De eerste resultaten van het grootste onderzoek ooit naar het menselijk microbioom werpt licht op mogelijke relaties tussen het microbioom en ons voedingspatroon, antibioticaresistentie en onze geestelijke gezondheid.

Drie eerste conclusies
In 2012 startten 3 Amerikaanse wetenschappers het American Gut Project. Hun doel was meer te weten te komen over het menselijk microbioom, in dit geval het samenstel van micro-organismen in ons gehele lichaam.

Ze wilden met name te weten komen hoeveel soorten bacteriën er in ons lichaam leven, waar die zich ophouden en hoe ons voedingspatroon en leefstijl er invloed op hebben. En hoe kun je daar beter achter komen dan door zoveel mogelijk mensen aan je onderzoek mee te laten werken? Dus mobiliseerden ze 'burgerwetenschappers', mensen zoals jij en ik die een bijdrage leveren aan de wetenschap door hun eigen gegevens - en tijd - ter analyse aan te bieden. Niet om ziekten op te sporen of leefstijladviezen te verkrijgen, maar als bijdrage aan een dataverzameling waar anderen voor wetenschappelijke doelen uit kunnen putten.

Een diverser microbioom is niet noodzakelijkerwijs gezonder
Citizen science
De citizen scientists die aan het American Gut Project meededen, konden voor $99 een pakket aanschaffen waarmee ze monsters konden nemen van hun mondholte, huid en poep. Het monsterpakket kwam vergezeld met een vragenlijst naar de algemene gezondheid, eventuele ziekten en voedingsgewoonten. In 2017 hadden al 11.336 mensen uit de VS, Groot-Brittannië, Australië en nog 42 andere landen in totaal 15.096 monsters ingestuurd. Alle monsters werden met verschillende technieken geanalyseerd, en alle daaruit resulterende gegevens zijn als open data - zonder individu-identificerende gegevens - beschikbaar voor verder onderzoek.

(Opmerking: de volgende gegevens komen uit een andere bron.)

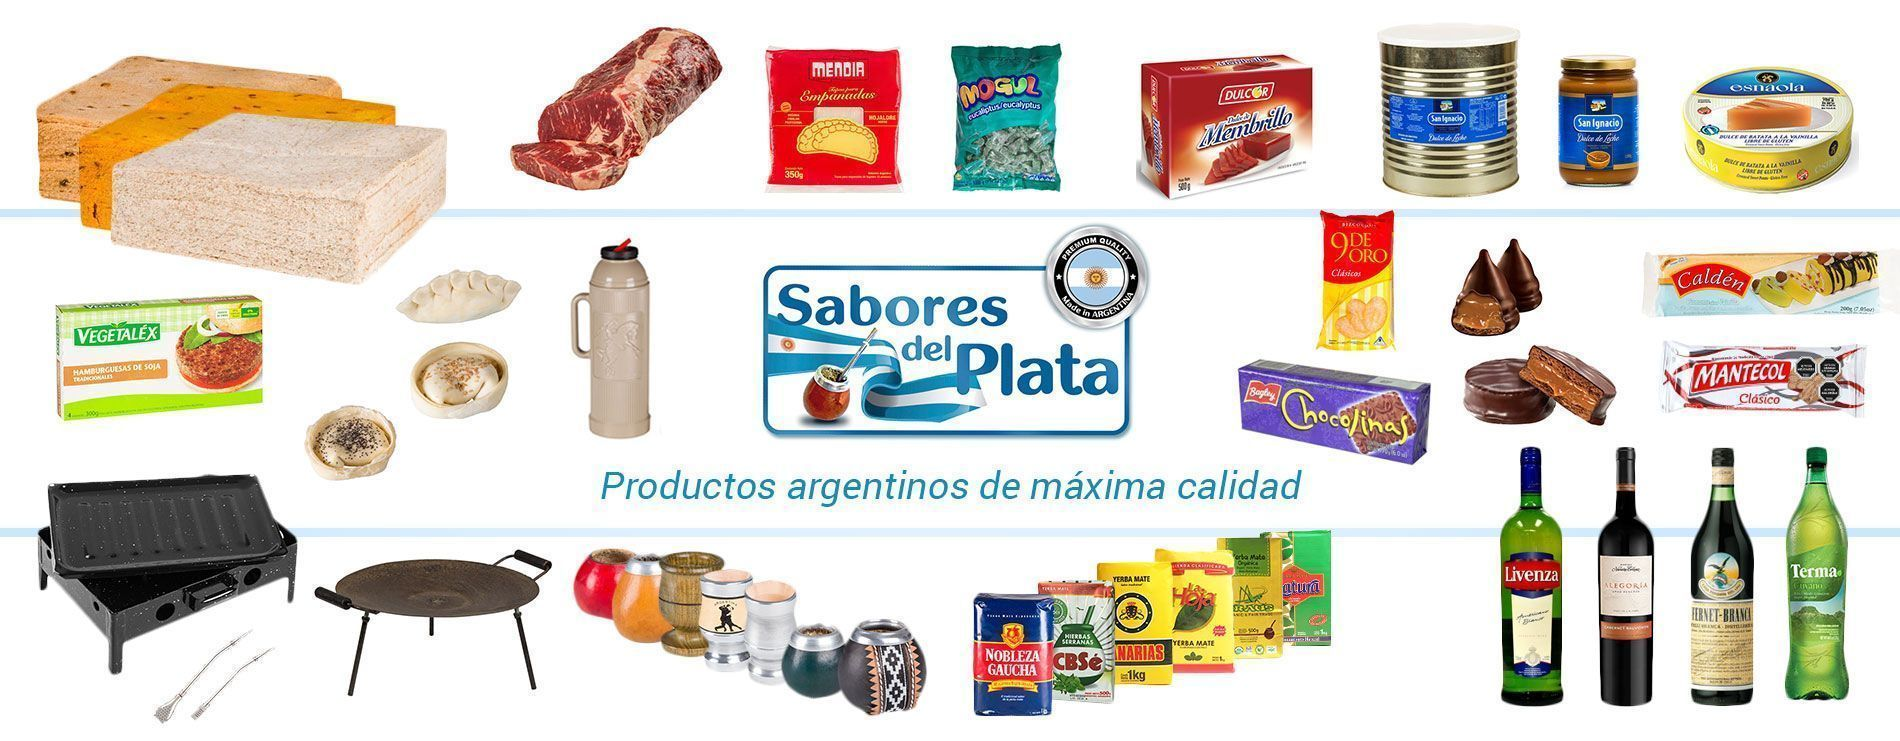 productos-argentinos-espana

In het open acces-tijdschrift mSystems lichten de onderzoekers alvast een eerste tipje van de sluier op. Ze signaleren 3 opvallende patronen. Zo lijkt het er op dat hoe meer verschillende planten we eten, des te gevarieerder de samenstelling van ons microbioom is. Bij mensen die meer dan 30 verschillende soorten planten per week aten, was het microbioom diverser dan bij mensen die het bij 10 of minder soorten hielden. Overigens, merken de onderzoekers meteen op, een diverser microbioom is niet noodzakelijkerwijs gezonder. Een tweede constatering was dat de deelnemers die zoveel verschillende planten per week aten, minder last hadden van antibiotica-resistentie. Dat leidt de wetenschappers tot de speculatie dat mensen die weinig planten eten, wellicht meer vlees eten - van dieren die mogelijk met antibiotica behandeld zijn - of bewerkte producten. Officieel is het in de EU verboden dieren waarvan het vlees nog antibiotica bevat commercieel in omloop te brengen. In de VS wordt nog veelvuldig van antibiotica als groeibevorderaars gebruik gemaakt.

Er lijkt een verband te bestaan tussen de samenstelling van het darmbioom en de geestelijke gezondheid
De derde interessante voorlopige conclusie was dat het er op lijkt dat er een verband zou kunnen zijn tussen de samenstelling van het darmbioom en de geestelijke gezondheid. Dat leiden de onderzoekers af uit de constatering dat mensen met geestelijke problemen (PTSS, schizofrenie, depressie, bipolariteit) een vergelijkbare darmbioomsamenstelling hebben, die anders is dan het darmbioom van hun gezonde controlegroepen (dezelfde leeftijd, land, geslacht en BMI).

'GPS van het microbioom'
De onderzoekers zijn tevreden met hun eerste publicatie. "We vonden een veel grotere diversiteit aan micro-organismen dan eerdere, kleinere onderzoeken", zegt onderzoeker Rob Knight. "De analyse in dit artikel vertegenwoordigt één momentopname, maar uiteindelijk willen we van het maken van een kaart van het microbioom uitkomen bij een GPS van het microbioom, dat je niet alleen vertelt waar je je op die kaart bevindt, maar ook waar je heen wilt gaan en wat je moet doen om daar te komen in termen van voeding, leefstijl of medicijnen".